Give back exactly the stretch of data below from the line holding "Árbol único de" through the line holding "Frontansicht des VW", both ends included, and leave the remaining lines out.

### Records for the task

--------------------------------

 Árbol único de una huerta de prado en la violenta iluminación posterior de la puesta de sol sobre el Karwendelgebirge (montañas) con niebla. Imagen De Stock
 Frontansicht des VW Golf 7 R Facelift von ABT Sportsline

--------------------------------

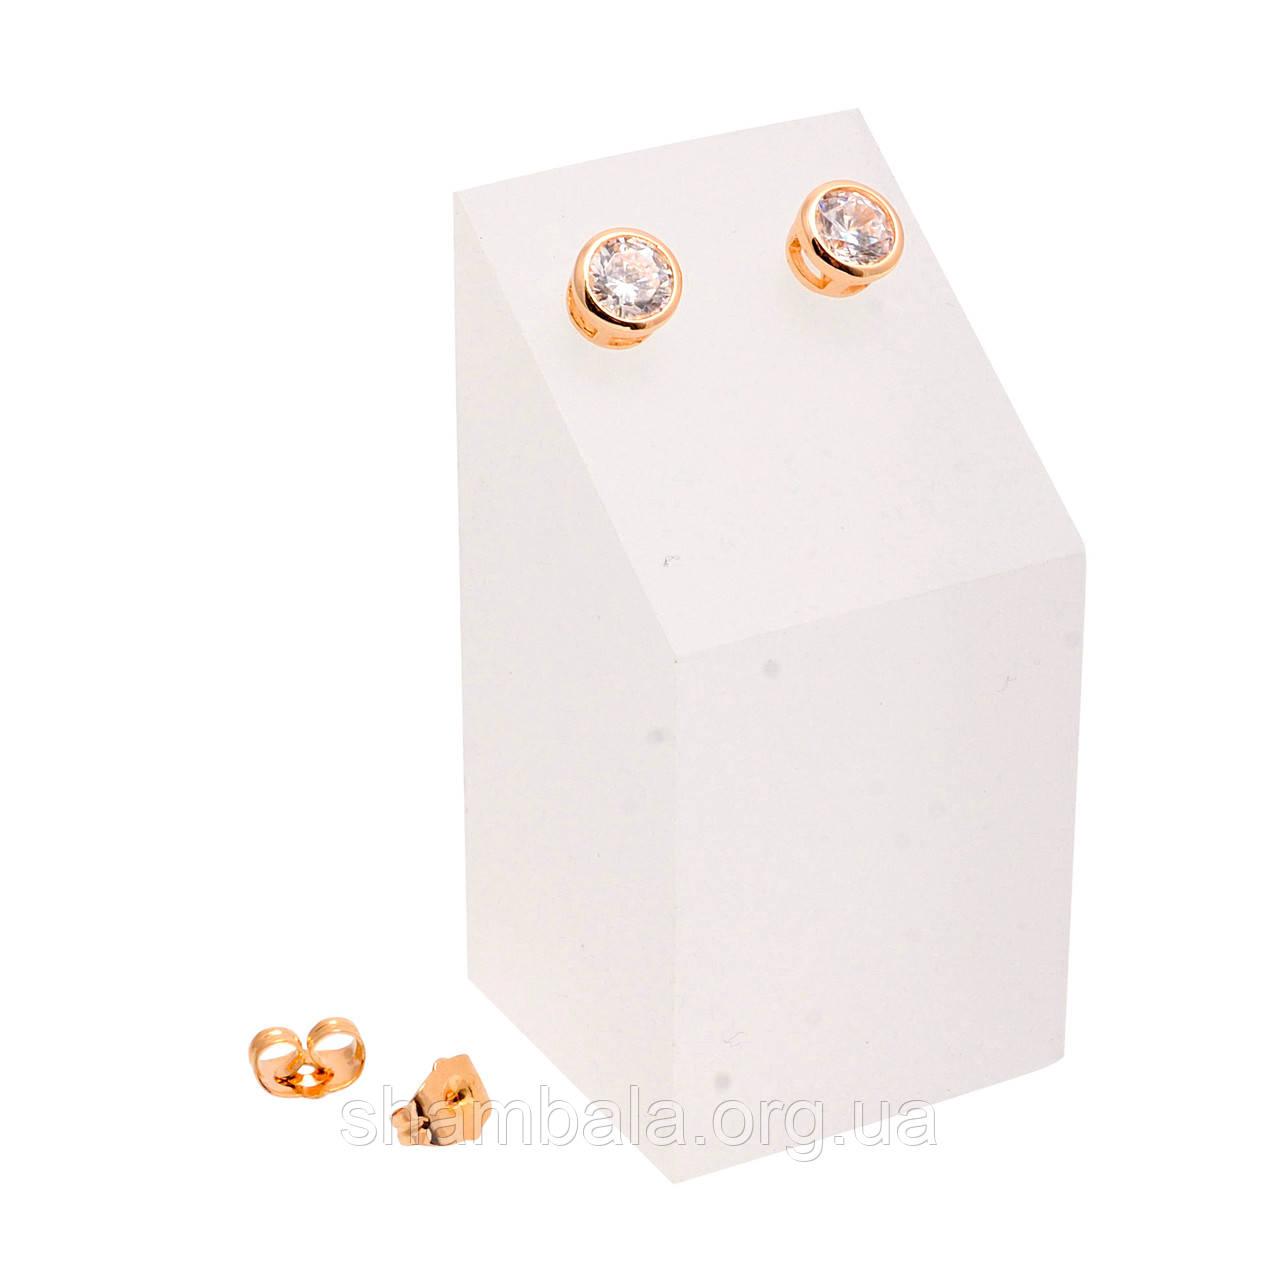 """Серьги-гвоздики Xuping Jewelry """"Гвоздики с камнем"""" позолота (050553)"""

--------------------------------

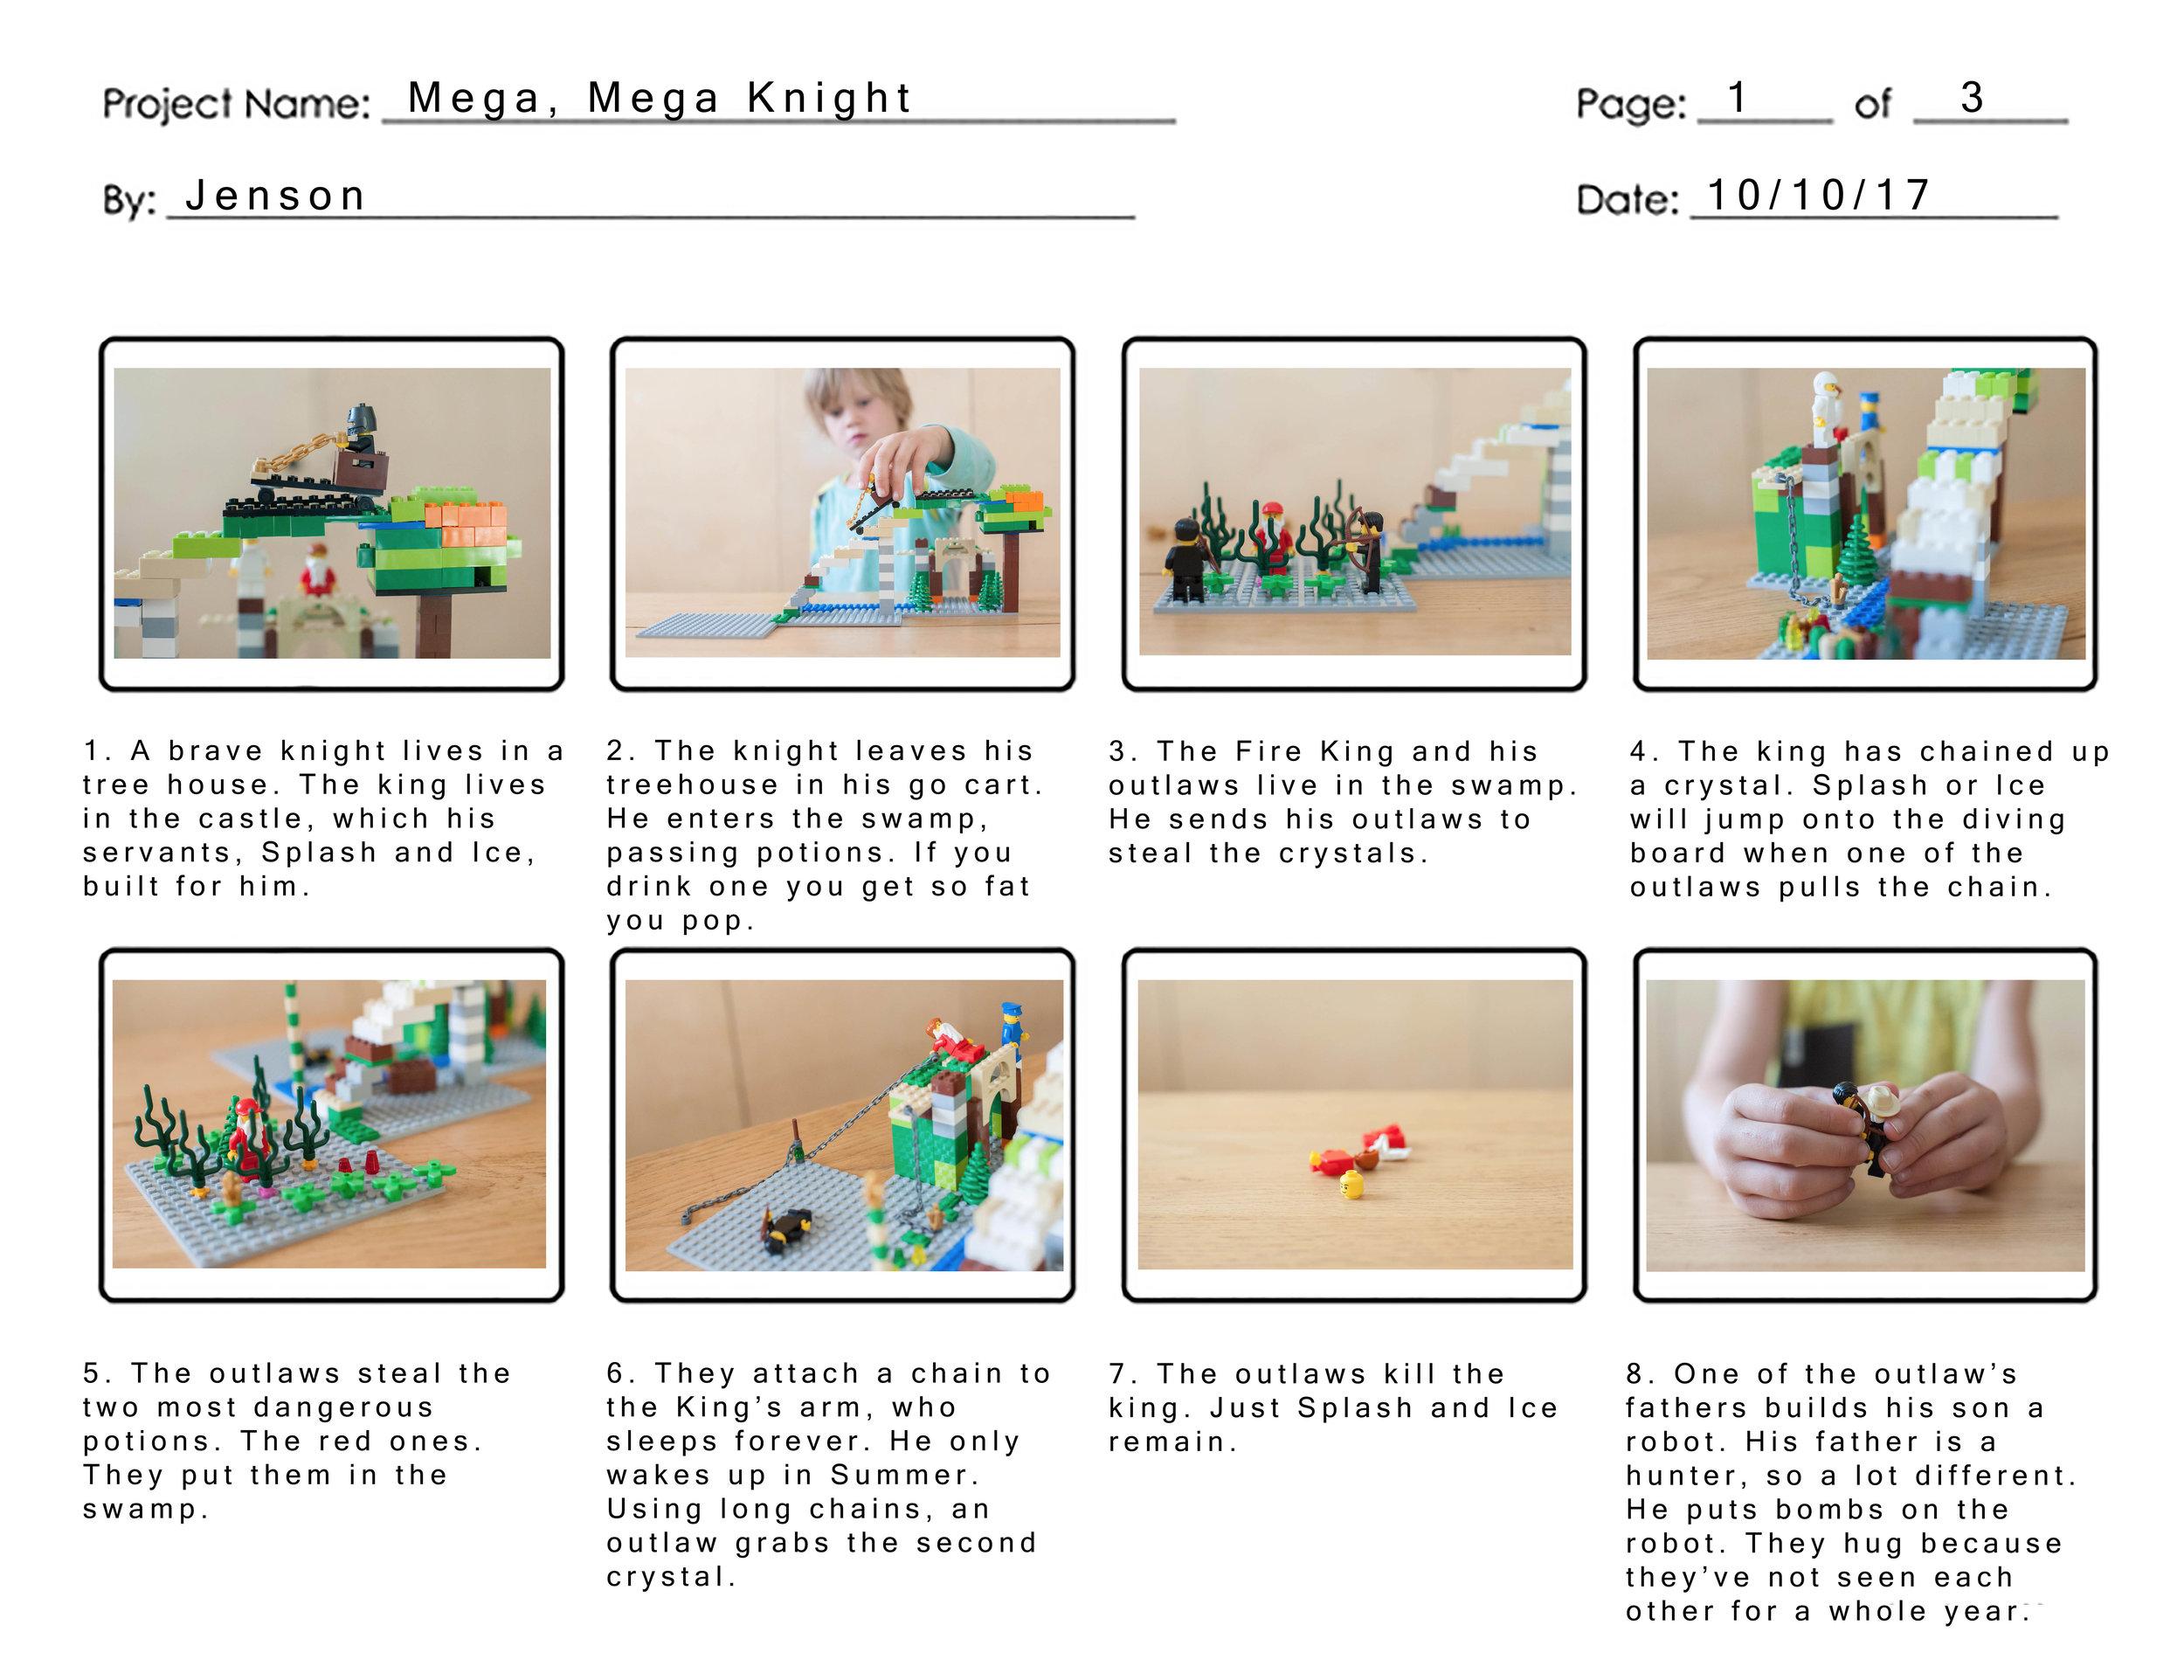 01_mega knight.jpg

--------------------------------

### Solution to this exercise
 Árbol único de una huerta de prado en la violenta iluminación posterior de la puesta de sol sobre el Karwendelgebirge (montañas) con niebla. Imagen De Stock
 Frontansicht des VW Golf 7 R Facelift von ABT Sportsline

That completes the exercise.